[What you should do] Please set down only the lines below starting with the line with "Zella Bell Sleeve" and going on through the line with "Wolfgang Schäuble and", verbatim and without pictures.

#### Data for processing ####

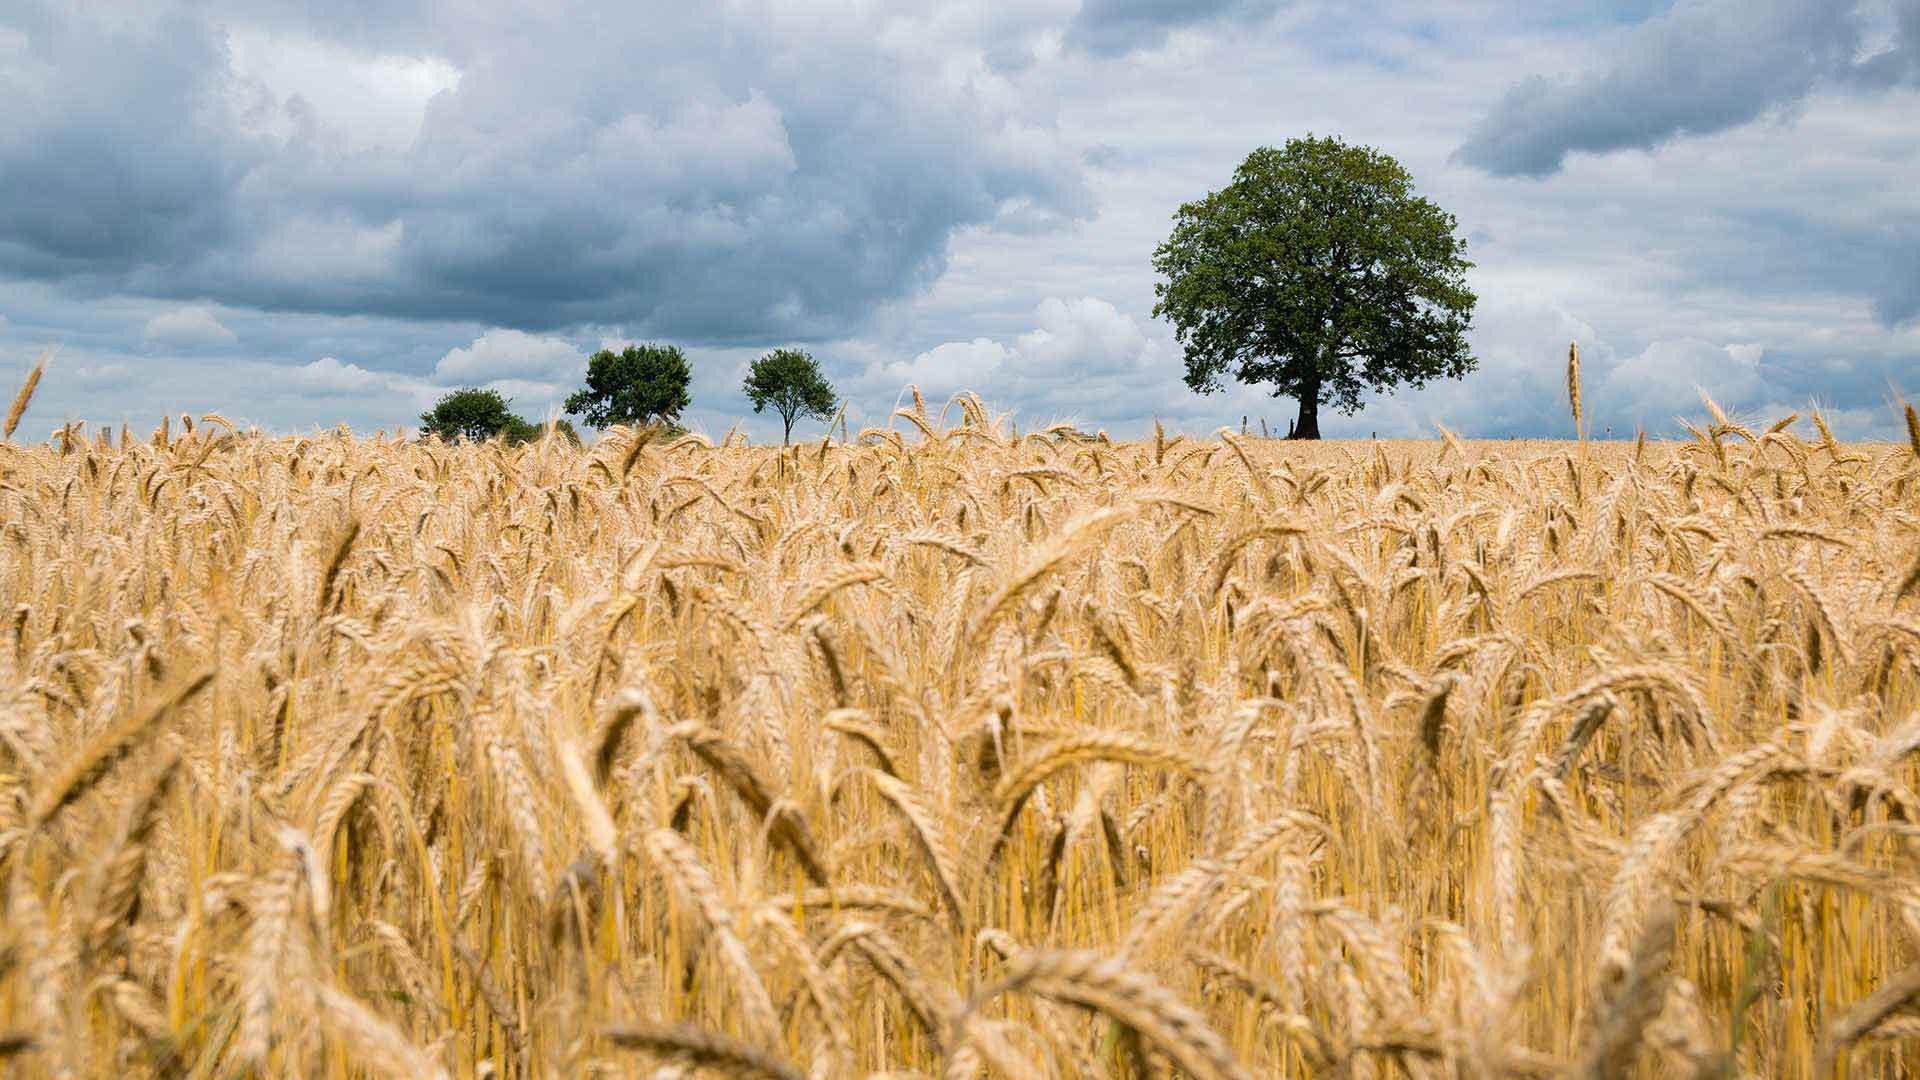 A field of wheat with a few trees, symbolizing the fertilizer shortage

####
#### Data for processing ####

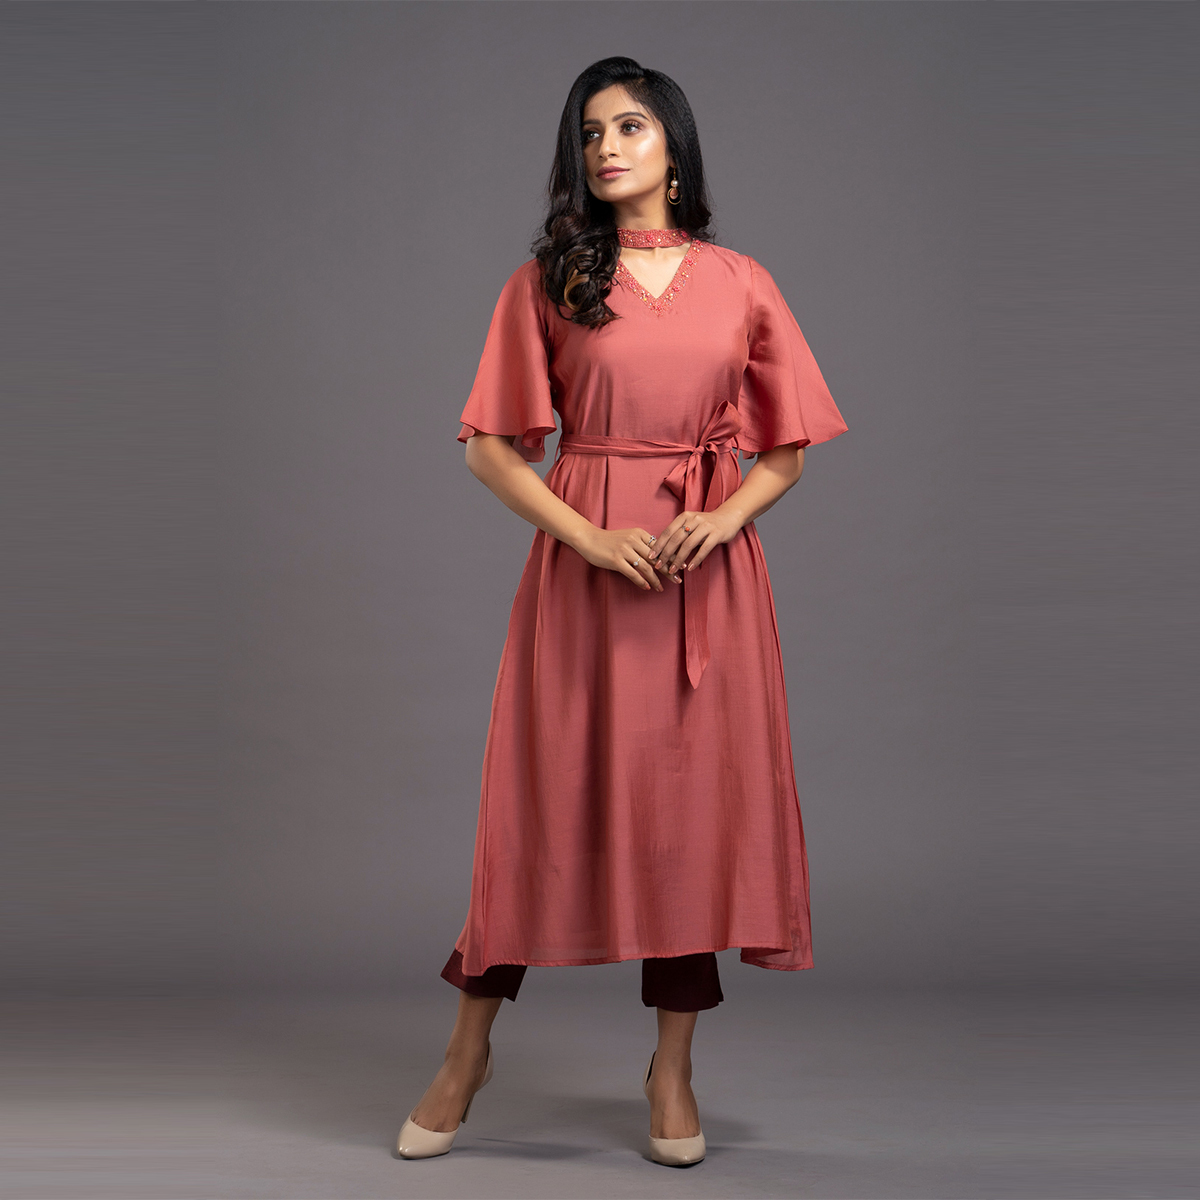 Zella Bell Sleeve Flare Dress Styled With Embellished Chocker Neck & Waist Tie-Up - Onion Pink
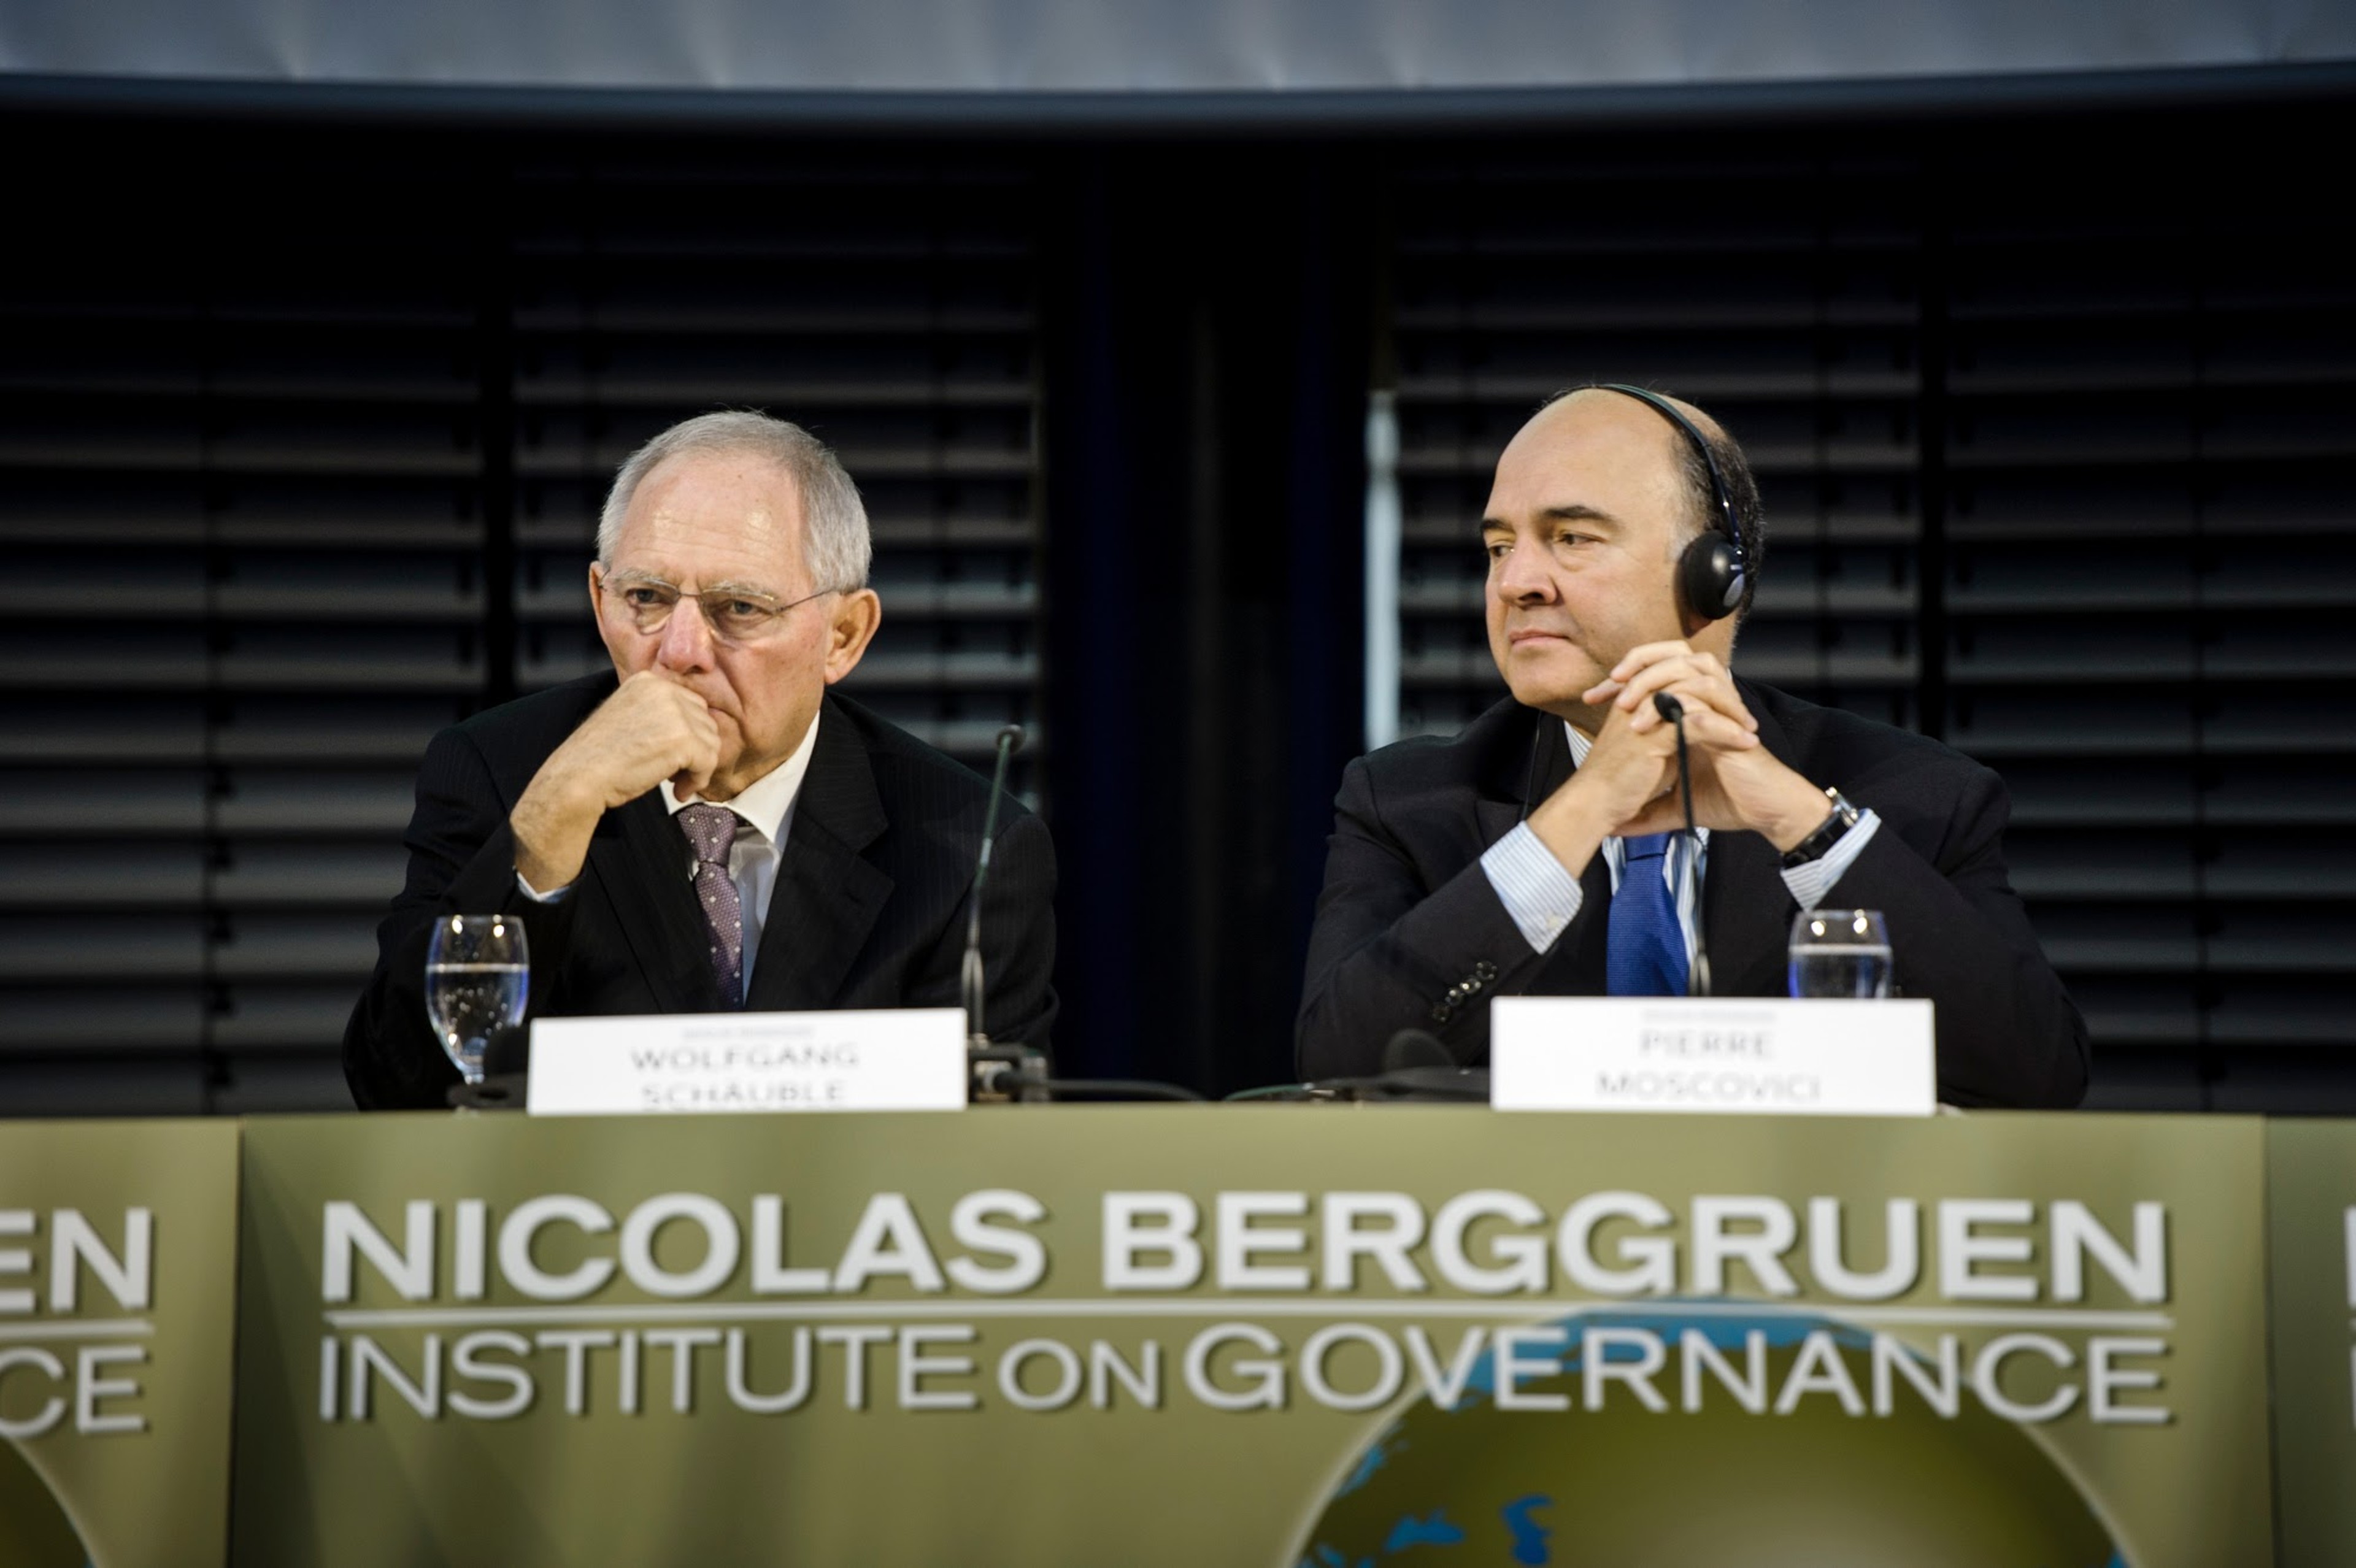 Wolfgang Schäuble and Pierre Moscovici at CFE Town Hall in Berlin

####

[Solution to the problem]
 Zella Bell Sleeve Flare Dress Styled With Embellished Chocker Neck & Waist Tie-Up - Onion Pink
 Wolfgang Schäuble and Pierre Moscovici at CFE Town Hall in Berlin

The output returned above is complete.